### What to do
Repeat what the lines below say, word for word, and skip every image.

### Recorded data
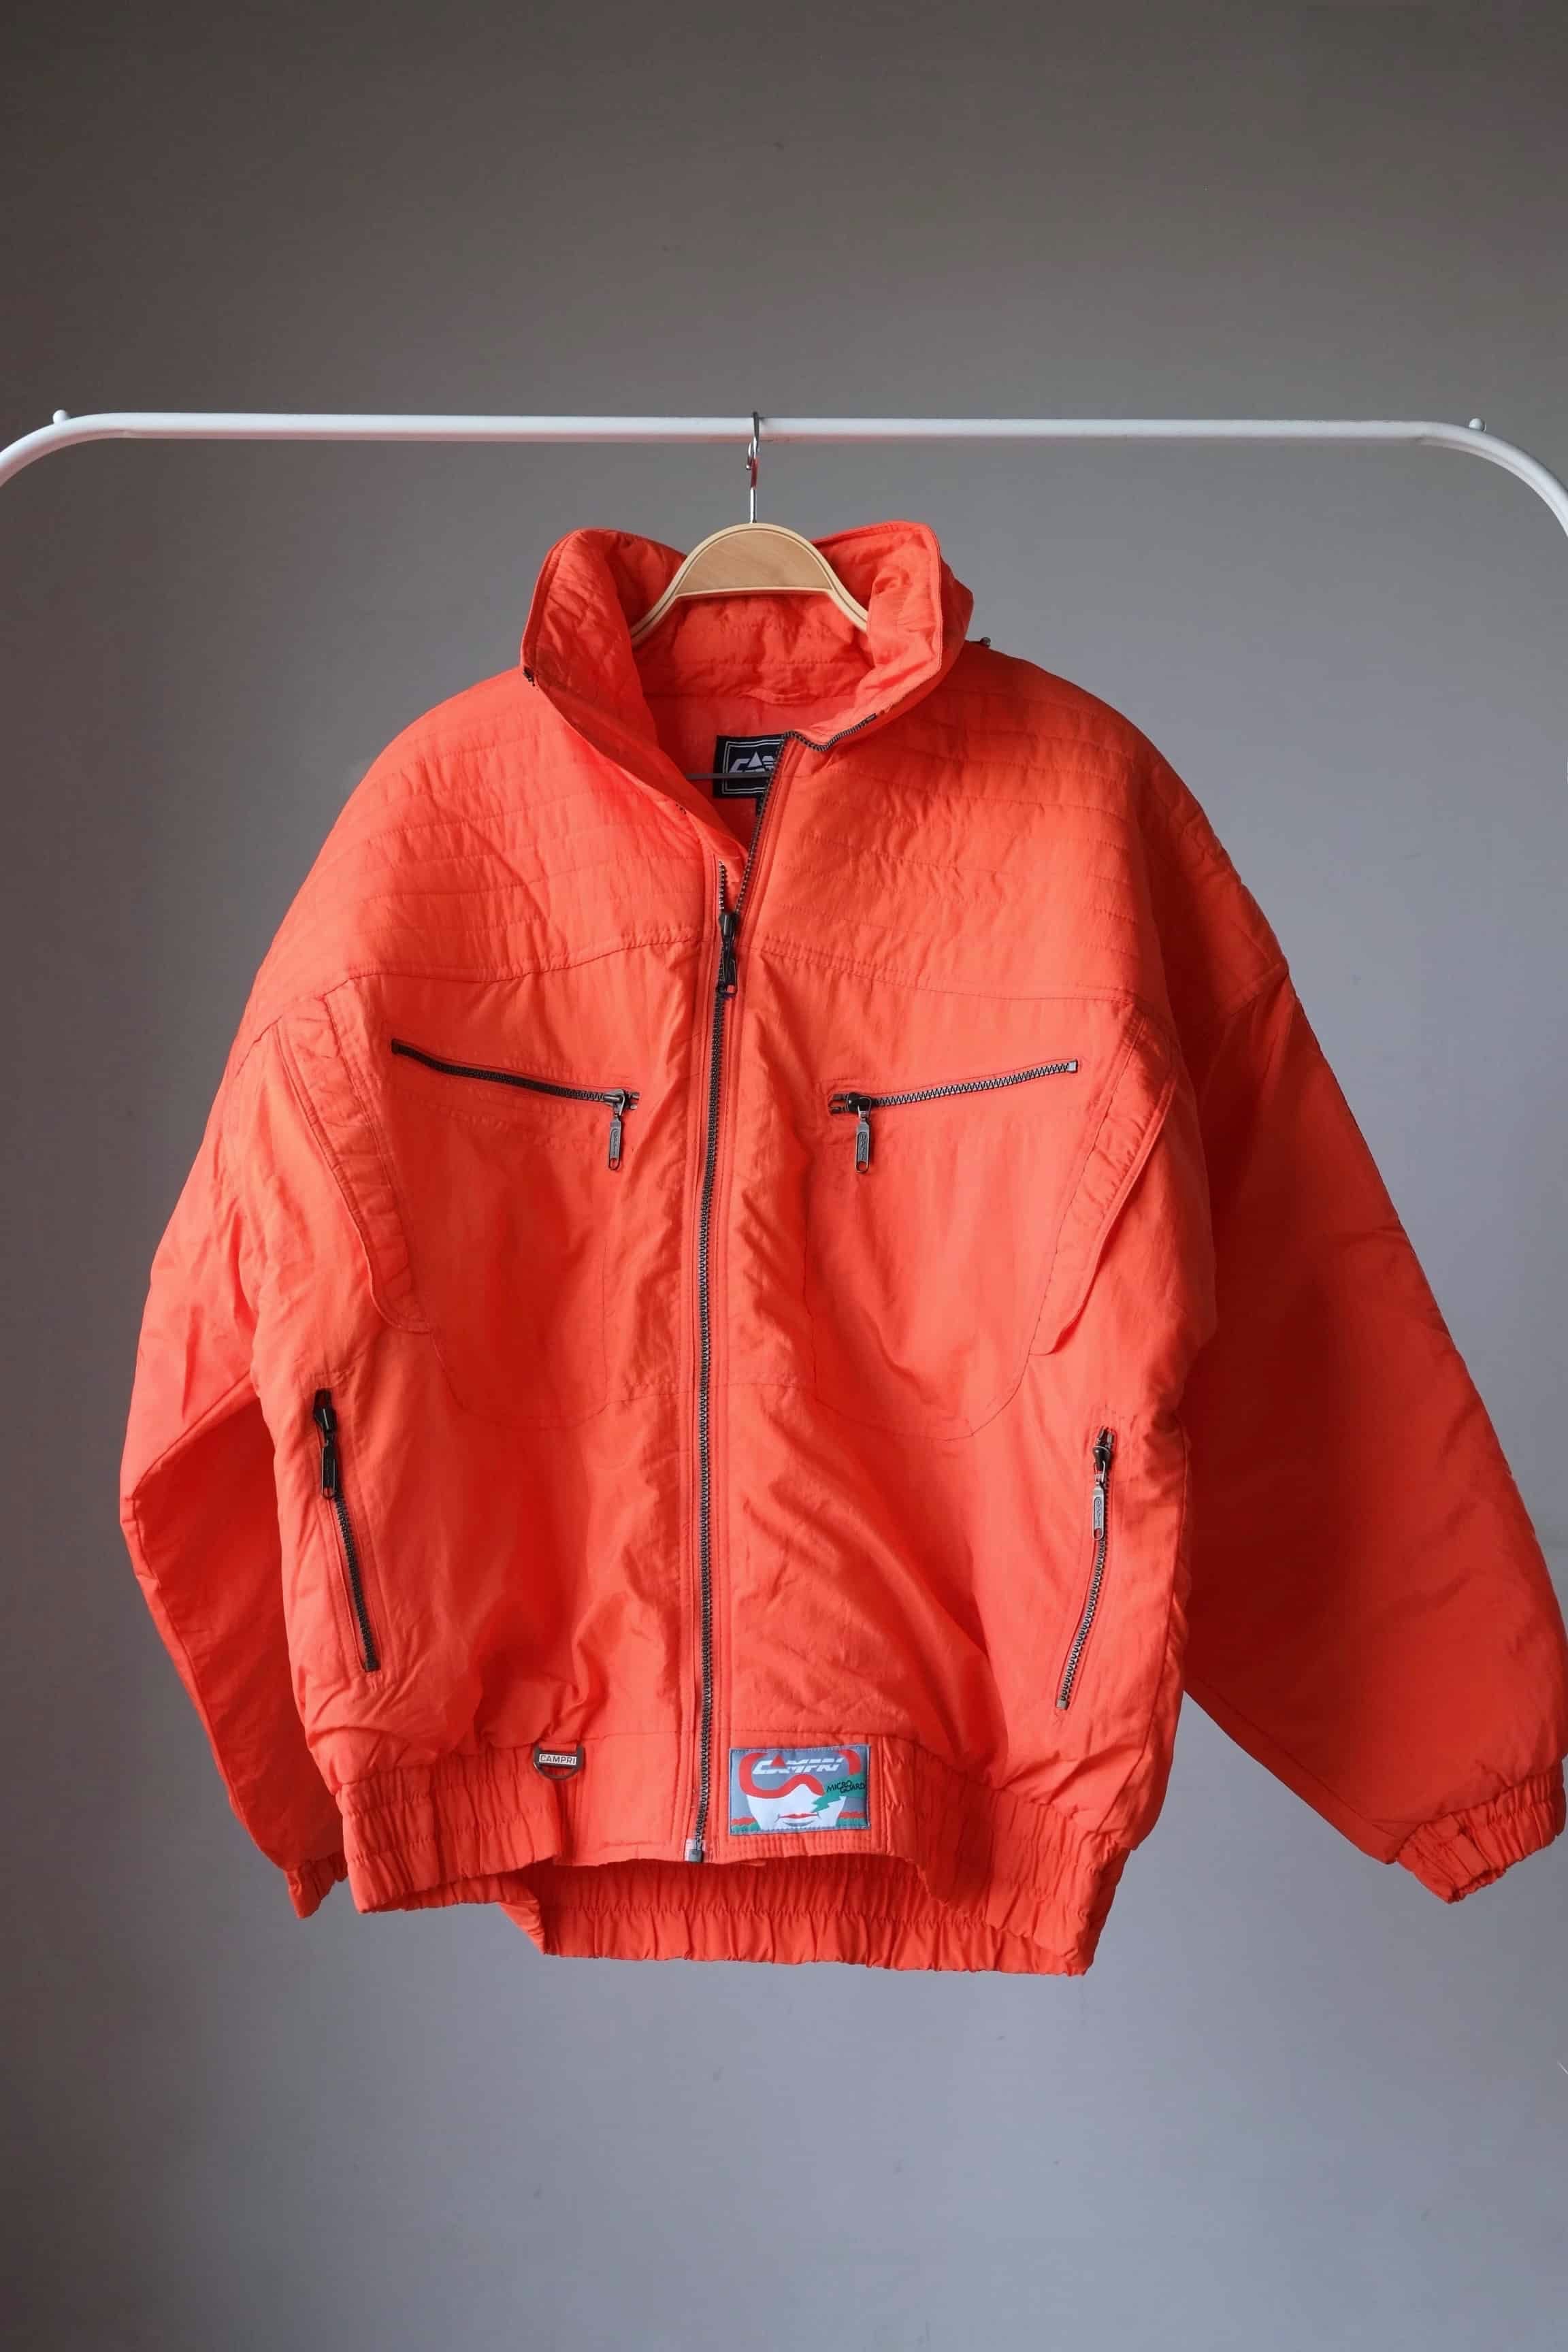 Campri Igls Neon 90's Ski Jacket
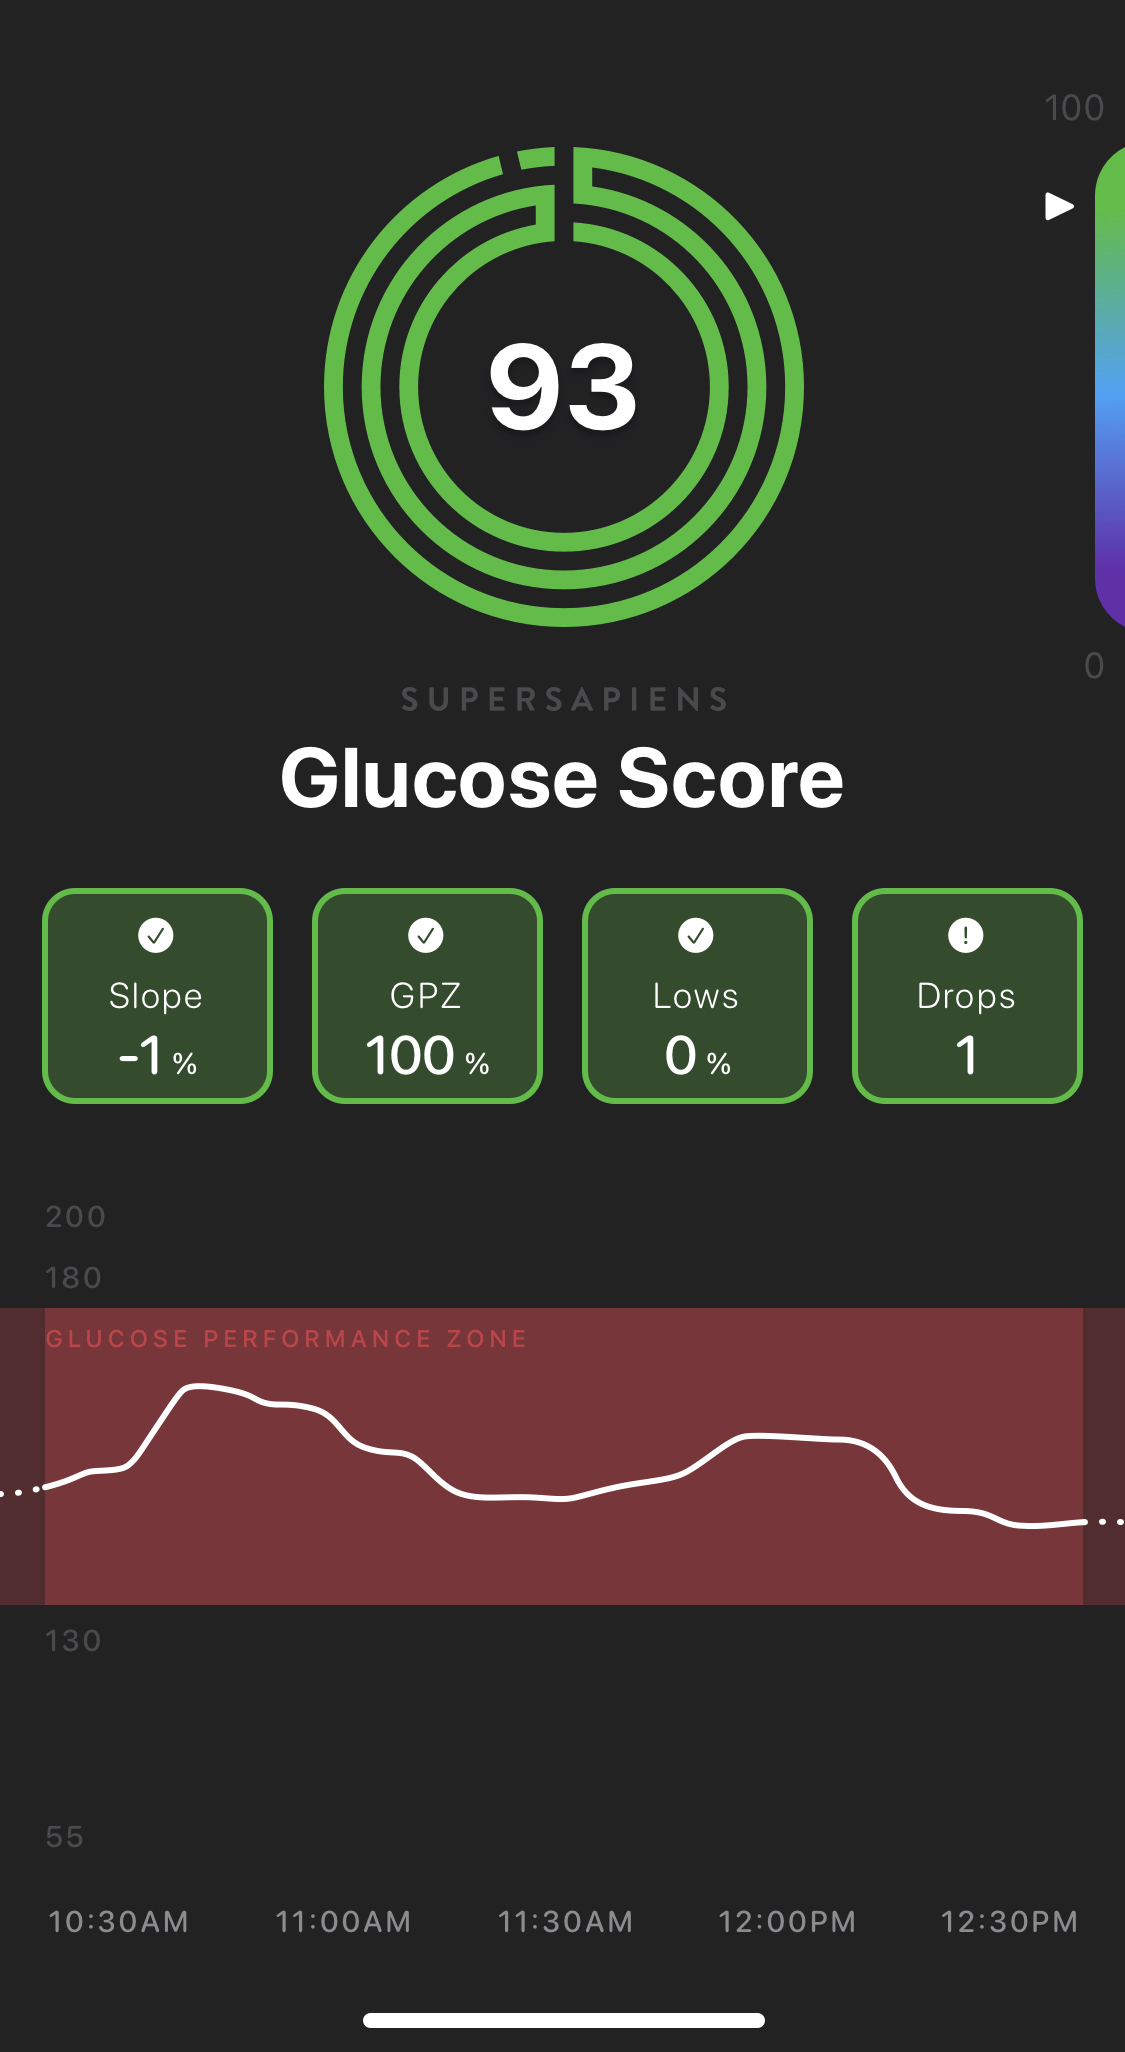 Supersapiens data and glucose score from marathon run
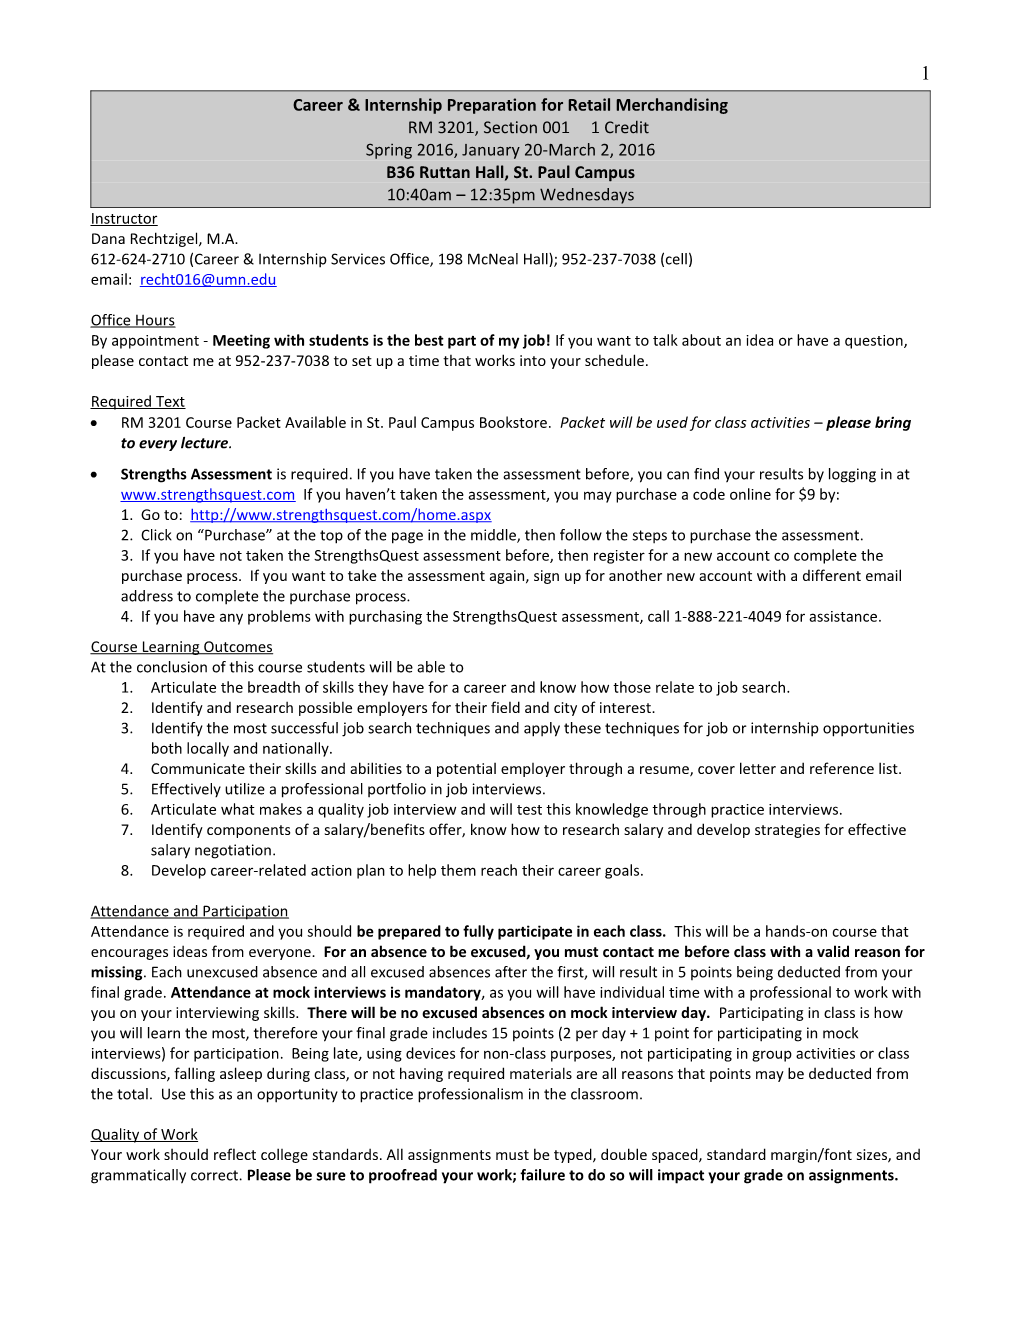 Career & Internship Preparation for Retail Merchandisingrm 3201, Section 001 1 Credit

### Output for this task
 Campri Igls Neon 90's Ski Jacket
 Supersapiens data and glucose score from marathon run
 Career & Internship Preparation for Retail Merchandisingrm 3201, Section 001 1 Credit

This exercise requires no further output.